Ted, who had grown up in Texas and never let anyone forget it, carried a small Canadian flag with him, buried deep in his pocket where he thought no one would noticed it. At night, in the Marriott, he would take it out and wave it from the 23rd floor balcony, humming “Oh Canada” to himself. “My home and…” He would start to sing, but he wouldn’t finish. Someone told him that the Woman, Carly, had hidden cameras everywhere.
Across the street, at the Holiday Inn, Rick carried his own things. The sweater vest, the one he’d worn last tour. Blue, starting to pill. It was too cold in Iowa for a sweater vest, but Rick carried it anyway, took it out and sniffed it from time to time.
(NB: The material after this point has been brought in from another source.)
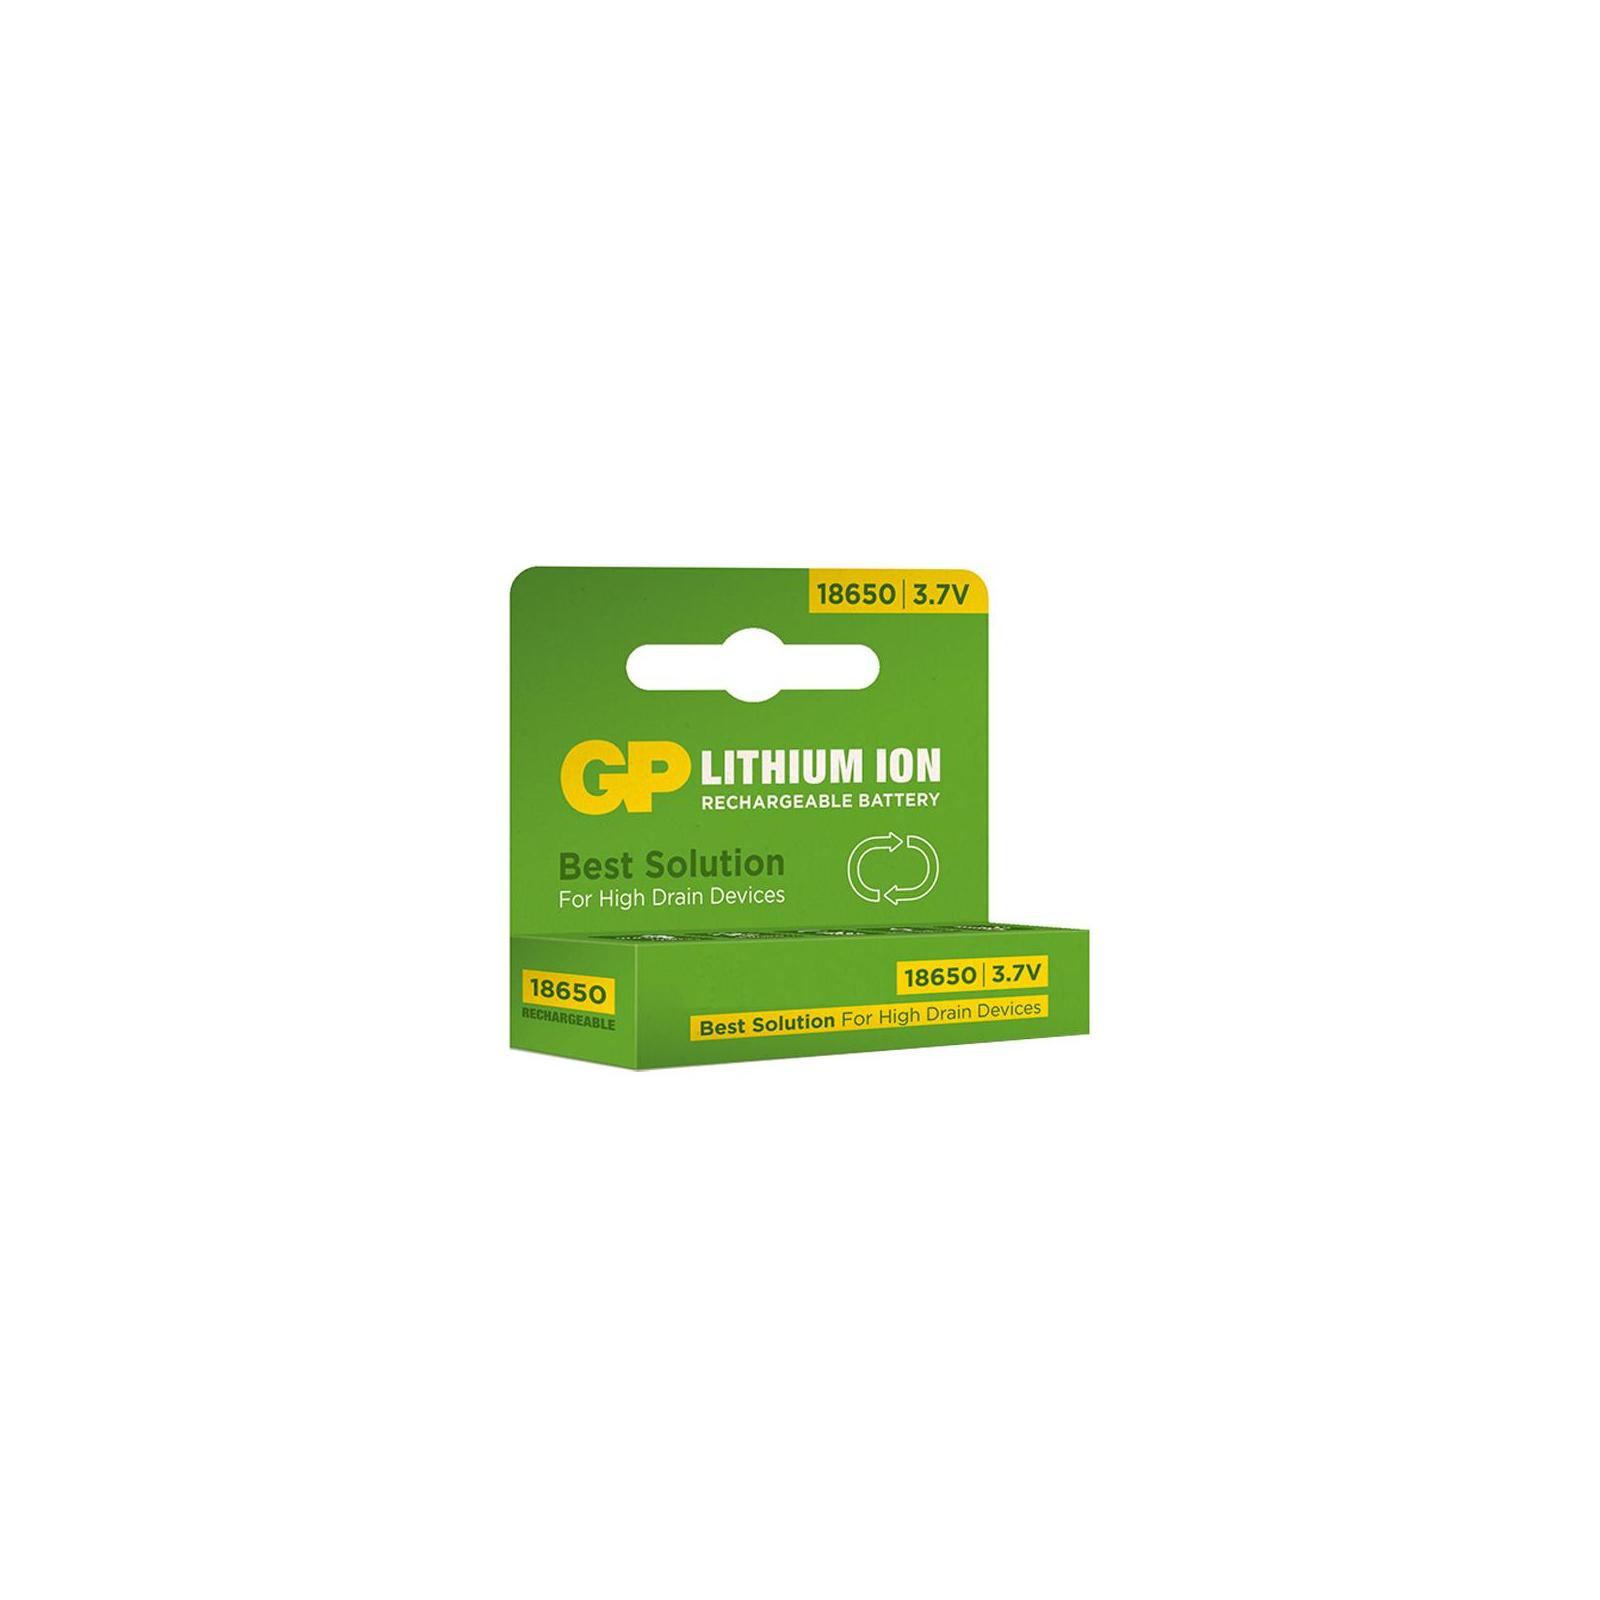 Аккумулятор Gp 18650 2200 mAh (max 6.6А) (GP1865T220) изображение 2

Mike carried a Bible, small, bound in fake leather. When they stopped to eat, sometimes, he would read aloud from it, and some of them were glad to hear it and seemed to listen, but the Sergeant only said, “Shut up, Mikey, geez, ya idiot.” Don was the Sergeant, and what he said goes. Mike hated him, but what could he do? They had to follow the Sergeant.
Ben had a lucky quarter in his back pocket. He’d talk to anyone about that quarter, show how it was made the year he was born, talk about the pyramid on the back, with the eye.
“It watches us, guys,” he’d say. “It’s the eye of God.”
“Oh my God, this fucking weirdo,” the Sergeant would say. “There’s no pyramid on the back of a quarter!”
But Ben didn’t care. He’d just put the quarter back in his pocket. He was getting out in March, they all knew. No one ever said it.
Marco carried the lyrics of “Freebird,” given to him by a young woman in a Ronald Reagan T-shirt in Concord, New Hampshire. Sometimes he looked at it. Rand watched him, and thought, He’s never listened to Skynyrd in his life. Those lyrics were for me.
They all called Jeb “Point.” It had been “Jeb Exclamation Point” and then “Exclamation Point” and now it was just “Point.” Marco liked to go back and walk with Point, who always brought up the rear. “We don’t really need to be doing this,” Point said. “Schelpping ourselves all over. We could do all the primaries in one day. Two, tops.” It sounded crazy, to hear it like that, but Marco thought Point was dreaming of a better, different world.
In the meantime, they marched. They marched to Des Moines and Cedar Rapids and Iowa City and Davenport. They marched to Ames and Dubuque and Sioux City. They marched to Waterloo, which Point thought was pretty funny, though no one else laughed. They marched to Manchester and Concord and Portsmouth and Nashua and Dover. On and on and on they marched.
“This can’t be worth it,” Chris said to the group one day. “Can it?”
Not quite answering him, Johnny K. looked into the distance and said, “When I get home, I’m grabbing my golf clubs and heading straight to the green.”
“Of course, it’s worth it,” the Sergeant said. “What the hell is the matter with you, moron? Who wouldn’t want to be President of the United States?” He stomped off.
Every man nodded and kept moving. But Marco thought about something George had said to him just before he left — “Any man who wants it has to be insane” — and stopped to watch the men trudge on, forward, always forward, through the mud and through time. Maybe George was right he thought. But the moment passed, and he straightened his tie, pulled his stump speech from his pocket, and continued on trail, too.